Casa Nata and limitless creativity
Carolin Sangha about Casa Nata, India and creativity without limits
»I got that fearlessness and this boundlessness from my parents.«
Hello Carolin! You grew up in India. What influenced you visually as a child?
In India, colour plays a very special role. India is a very colourful country where colours have many meanings that people are aware of. Also, in their choice of colours for their clothes. That has influenced me a lot.
As a child, I dressed in many different colours and I enjoyed it. But also, in terms of the shapes of clothes and the cuts, that was also a big influence for me. My father is Indian, and my mother is German. She had a lot of things sewn there for herself in India. That was fascinating.
When did you come back to Germany?
I was ten years old and experienced a complete culture clash, of course. Germany was not originally on my parents’ go-to list. My father originally wanted to move to Africa or London. But in the end, Germany became the base for him for professional reasons. I only spoke English at that time and was very shy. I could understand everything, but my teachers probably wondered a bit at first because I rarely spoke.
What happened in your life before Casa Nata?
After my A-levels, I went to the US and got to know the world. After studying fashion and graphic design, I joined a magazine editorial team. At that time, I didn’t want to work in fashion design, so I chose journalism. I worked for the Burda Verlag in Munich at the magazine “freundin” and experienced golden times there when we were not limited by tight budgets. That was supermodels era with photo shoots in New York and other extravagances.
After that I went into advertising and was part of a small but very successful agency in Munich that specialised in fashion. At the same time, we produced a fashion and lifestyle programme for ZDF (Ed. Note: German TV-Station) and flew around the world for it, from Italy to Marrakech to Florida. That was a lot of fun and quite fascinating.
Another exciting part of my career was and still is Schönbuch. It is a long-established furniture and interior brand my husband took over some years ago. For me it was a great pleasure to discover new grounds back then by relaunching this brand. And it hasn’t stopped being exciting, because even today I’m still the creative director of this fabulous brand.
And what triggered you to make your own fashion brand?
Due to my very intensive involvement at Schönbuch, I started to miss fashion very much while time passed. I wanted to try myself out there as well, but at first without any commercial pressure. I did what I liked and what I missed in the scene, and so my own style slowly emerged.

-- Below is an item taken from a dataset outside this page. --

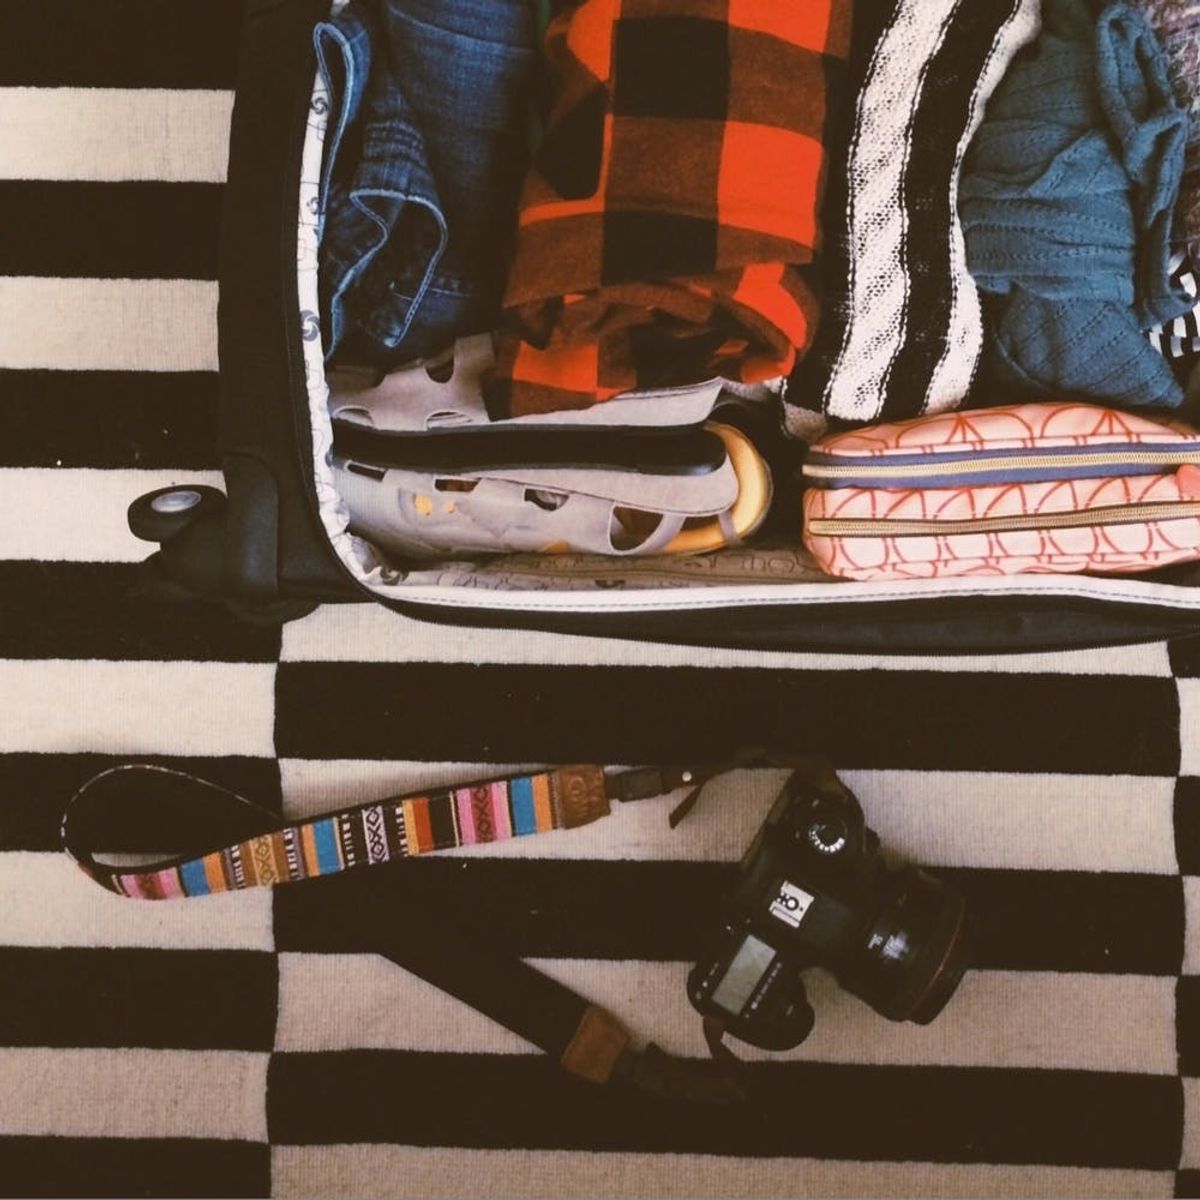 5 Unnecessary Items Weighing Down Your Suitcase

Speaking of style. Please describe your design aspirations.
For me, it’s about making fashion for women who don’t let themselves be limited. Neither in their thinking nor in their look. Women who, regardless of their age and figure, appreciate timeless fashion that gives them freedom. Freedom to develop themselves, to find themselves and to express themselves. That’s what it’s all about.
Is design now an intuitive auto-pilot process in a positive sense or do you always want to reinvent yourself consciously and start all over again?

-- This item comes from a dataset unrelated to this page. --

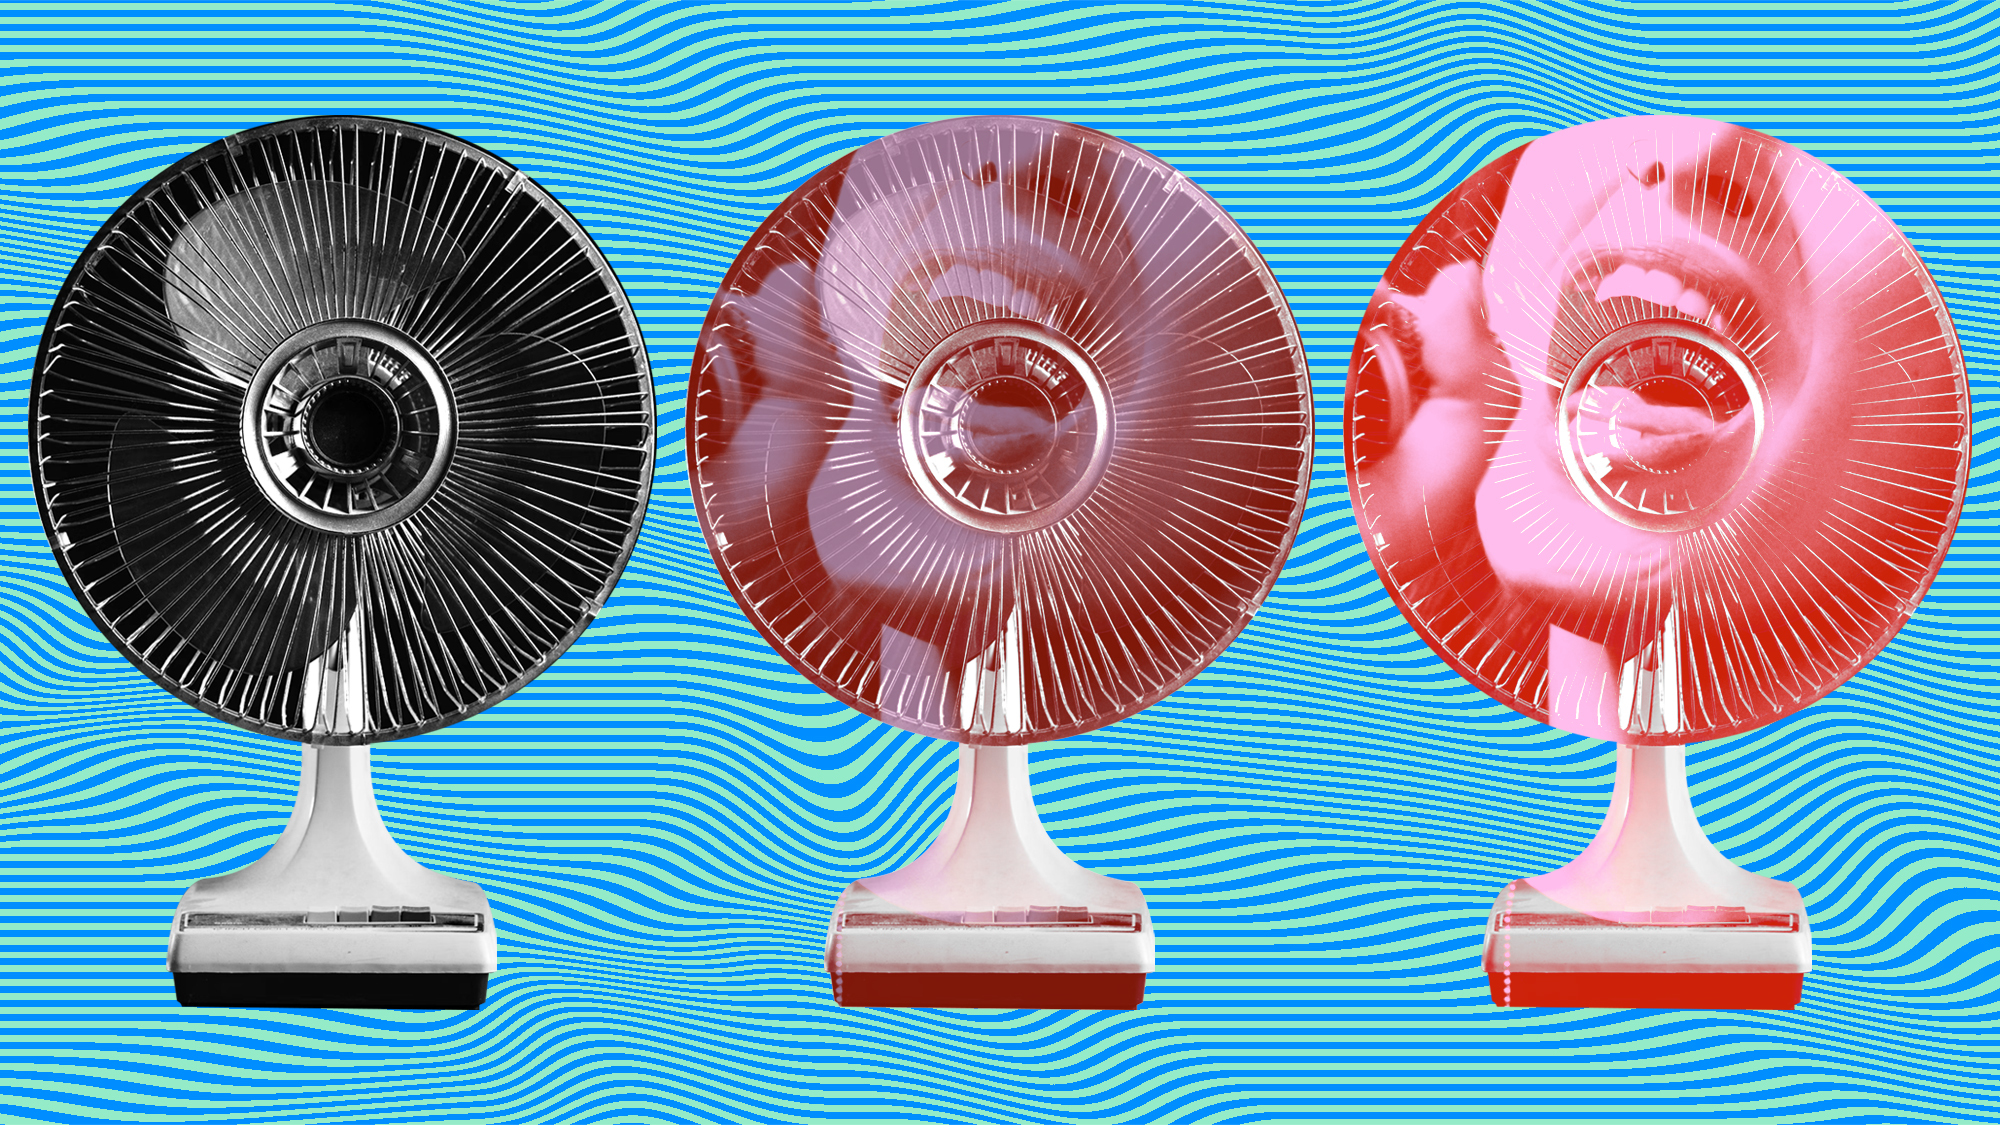 Colorful fans with depictions of various sounds within them

It’s quite intuitive and automatic in the best sense of the word. My design process is very quick. I always start with one piece, which is what it’s all about at that very moment. This can lead to other pieces, but I don’t think and work in voluminous collections. It’s the simple but extremely well-made pieces made of good materials that are hard to find. That’s what drives me.

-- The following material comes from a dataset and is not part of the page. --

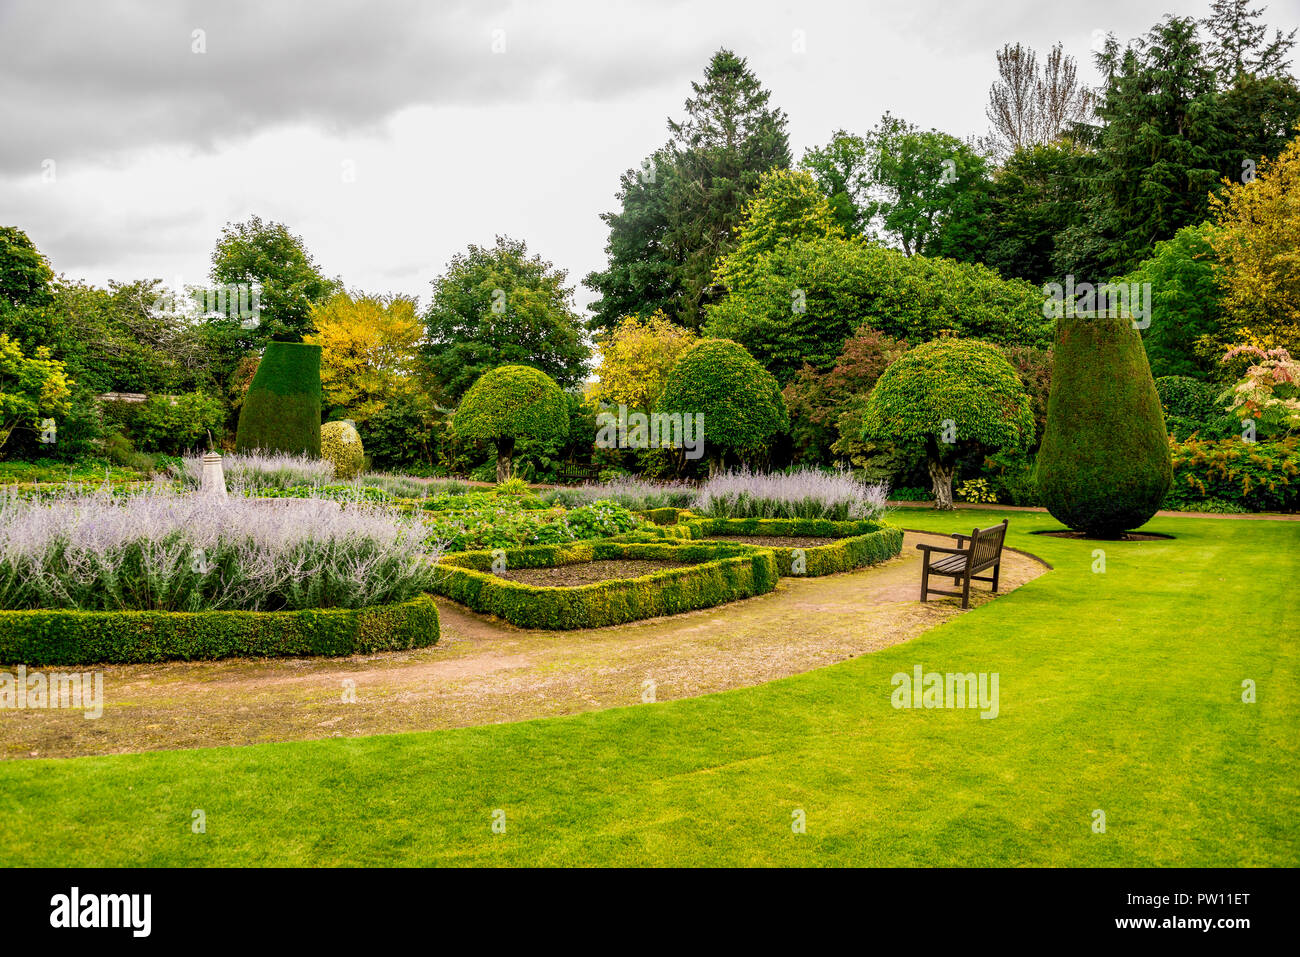 Flower beds and a bench in outdoor gardens at Crathes Castle estate near Banchory, Scotland Stock Photo

Your path is based on a very confident approach. You do what you feel like doing, completely independent of industry boundaries and the usual constraints. Did you develop this approach to a large extent yourself or was it a gift that your parents gave you along the way?
I got that fearlessness and this boundlessness from my parents. Both of them lived a fearless life and dared to experience many things. My father always told me: Always go to the top first, orientate yourself on the best and then you will see where you will find your very own place within that scope.
What are your future plans for Casa Nata?
At Casa Nata, I deliberately don’t have a long-term plan or an annual plan. I enjoy letting everything happen step by step. I invest a lot of my time in the label, but I also have other projects that allow me to be financially independent. Of course, the goal is to sell more and more and to be successful. But for me, success is also defined in smaller contexts and is not exclusively a monetary asset.
Let’s go back to India to conclude our interview. Is there a favourite place for you there that you would like to tell us about?
I am an enthusiastic Mumbai fan. I am drawn there at least once a year unless there is a pandemic. That city is my source of inspiration. It used to be New York because I like subcultures and because you find an incredibly wide spectrum of creativity there. That’s what Mumbai offers me today because it’s the New York of Asia.
It has a great art and culture scene and also a very interesting fashion scene where a lot is happening. The architecture is fascinating, people are very open. I can only recommend it to anyone who is still curious and open-minded.